Sur le vif - Lundi 08.08.22 - 05.52h
Débarqués en Normandie le 6 juin 1944, les Américains mettent plus de sept mois avant de pénétrer par forces terrestres sur le sol allemand. La résistance de la Wehrmacht, sur les verrous stratégiques, est phénoménale, comme elle le sera face aux Russes, devant Berlin. Depuis deux ans, jour et nuit, Anglais et Américains pulvérisent de bombes les villes allemandes. Le terrain est préparé. Mais les Allemands, jusqu’au dernier jour, se battront. La victoire décisive contre le Reich se fait à l’Est, mais la percée anglo-américaine en Rhénanie, puis en Basse-Saxe, joue évidemment un rôle important.
Je résume ici en quelques lignes, pour ceux qui ne connaîtraient pas, les onze derniers mois d’une guerre dont le détail m’habite et me passionne depuis plus d’un demi-siècle. Je pourrais la raconter jour par jour, parfois même heure par heure, dans les moments-clefs comme l’offensive allemande dans les Ardennes, fin décembre 44, ou les ultimes combats, titanesques, pour défendre Berlin, fin avril 45. Ou encore, les semaines de résistance dans le bocage normand, en juin-juillet 44, où les Allies ont été tenus en échec. Je peux vous dire exactement, à chaque fois, quelle unité allemande s’est battue, sous quel commandement.
Les Américains sont implantés en Allemagne depuis janvier 1945. Cela fait plus de 77 ans. D’abord, comme occupants. Puis, comme « alliés ». J’ai passé de longues périodes de ma jeunesse en Allemagne. Chez des Bavarois américanophiles, à l’image du bouillant Franz-Josef Strauss. Mais aussi, beaucoup plus important et formateur, chez un ancien combattant du Front de l’Est, tout au Nord de l’Allemagne, en 1972, qui me racontait tous les soirs la Guerre à l’Est.
Une passion de la connaissance qui m’a accompagné toute ma vie, et m’a amené à rencontrer et interviewer tant d’autres témoins, comme feu August von Kageneck, officier de Panzers à l’Est, issu des milieux que ma mère avait fréquentés en Allemagne, dans les années trente. Son père avait été aide de camp du Kaiser. Enfant, il s’était mis au garde à vous devant Hindenburg, le vainqueur de Tannenberg en 1914, venu leur rendre visite dans le château familial de Rhénanie, au milieu des années vingt.
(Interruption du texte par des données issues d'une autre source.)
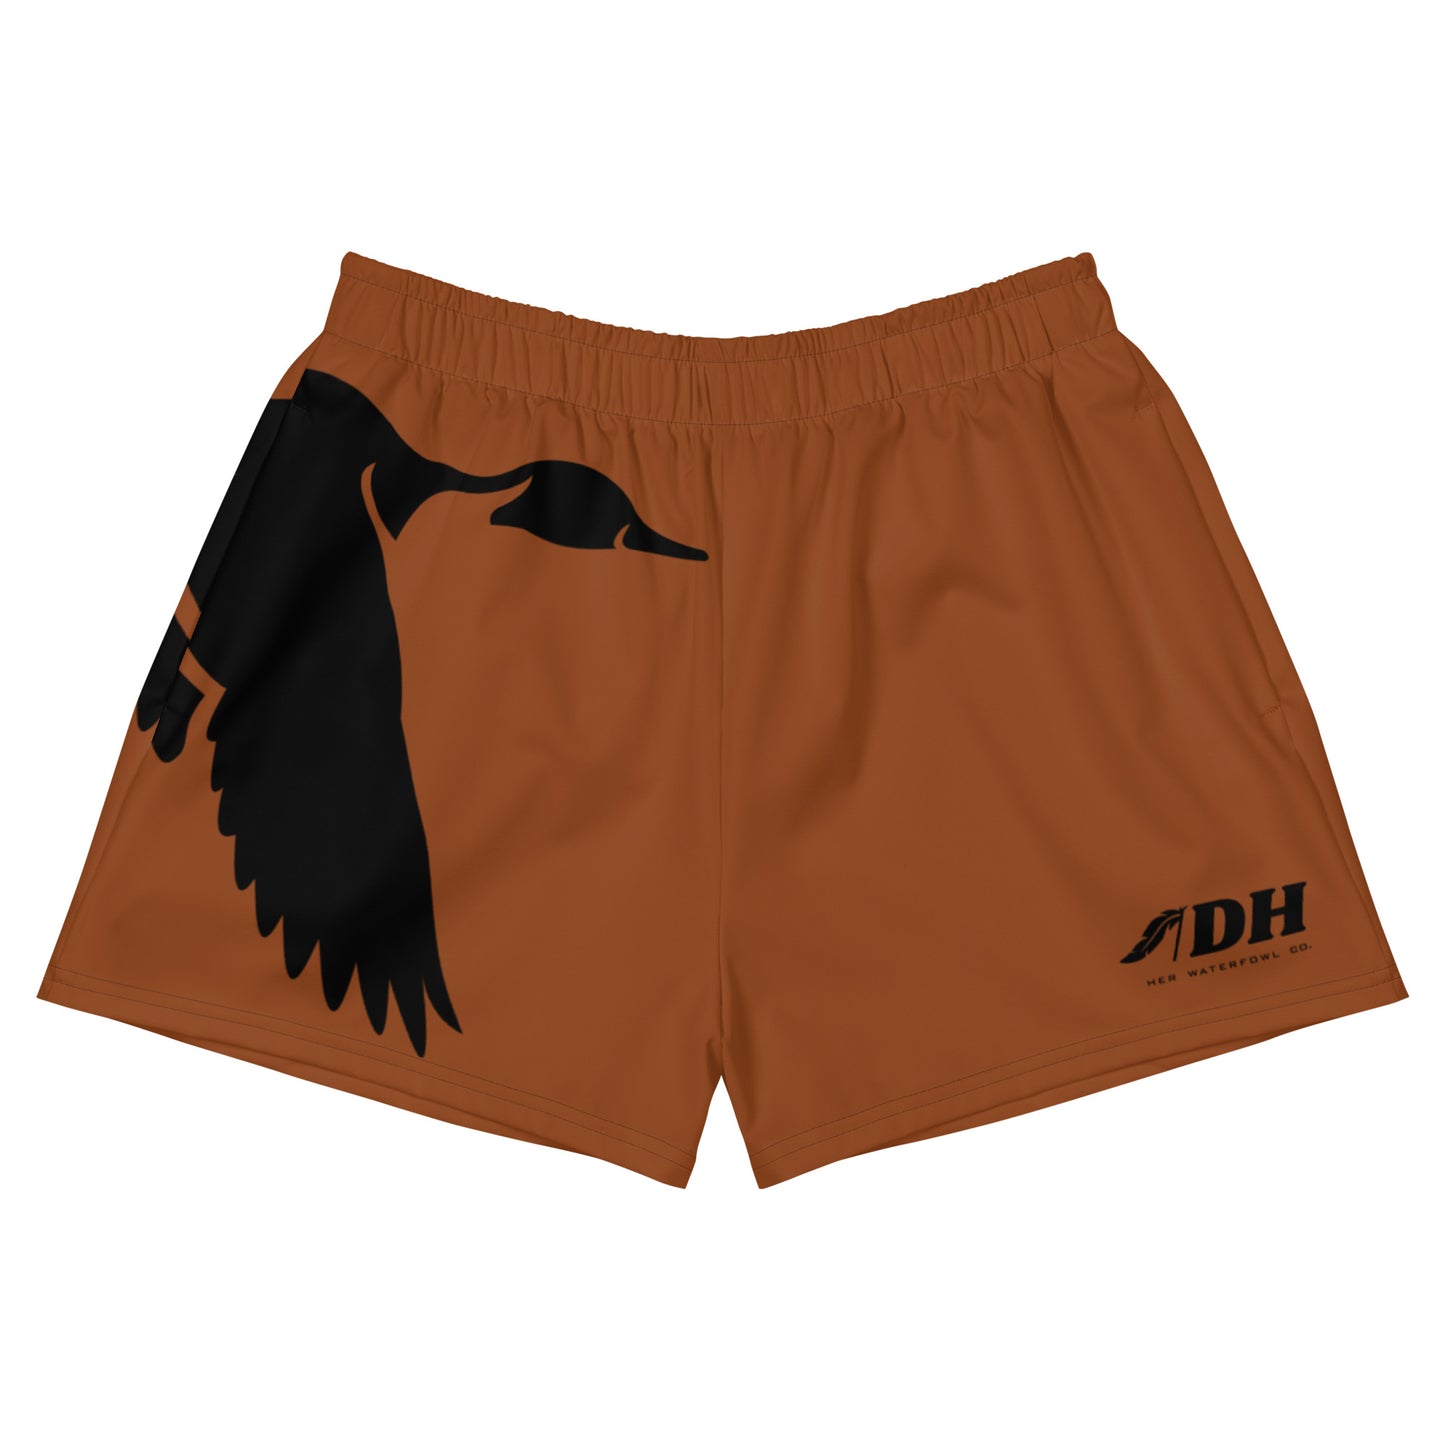 DH Pintail Athletic Shorts in Rust/Black

Les Américains en Allemagne, c’est plus de trois quarts de siècle d’Histoire. Les Russes ont quitté la DDR en 89/90, au moment où Kohl a littéralement absorbé ce pays pour établir l’influence atlantiste sur l’ensemble des Allemagnes. Les Américains, eux, sont restés. Et se sont projetés sur les pays d’Europe centrale et orientale, jusqu’à aller narguer les Russes à leurs frontières.
C’est dans ce contexte d’expansion continue, et de provocation permanente, qu’il convient de mettre en perspective l’affaire ukrainienne actuelle. Il faut utiliser les outils de la connaissance, ainsi que nous y invite il y a 25 siècles l’historien grec Thucydide, et surtout ne jamais se laisser contaminer par la morale. Notre analyse doit être froide, stratégique, et reconstituer les chaînes de causes et de conséquences. C’était valable dans les guerres balkaniques, il y a 30 ans. Ça le demeure, plus que jamais, face au conflit ukrainien.
J’annonce, dès le premier jour, que l’Allemagne finira par jouer un rôle-clef dans cette affaire. Elle se cherche encore, c’est sûr. Quelle va être, ces prochaines années, l’évolution de ses relations avec les Etats-Unis ? Avec la Russie ? Le poids des nécessités en approvisionnement énergétique. L’évolution des esprits allemands face à leur propre Histoire, depuis Frederic II (1740-1786), notamment dans la question cruciale de l’Ostpolitik, un demi-siècle après les intuitions géniales de Willy Brandt (1969-1974). À qui profitera, le jour venu, le réarmement allemand ? Quelle marine va s’imposer dans la Baltique ? Une ou deux questions, parmi tant d’autres.
La présence américaine en Allemagne n’a rien de définitif. Quatrième puissance économique du monde, en pleine expansion commerciale sur les Marches de l’Est, en amorce d’un réarmement massif, habitée par les esprits les plus vifs et les plus ingénieux, l’Allemagne n’a pas dit son dernier mot. Son comportement futur face à l’Est constitue l’une des clefs majeures des futurs équilibres. Dans l’Ostpolitik, elle jouera, une fois de plus, son destin.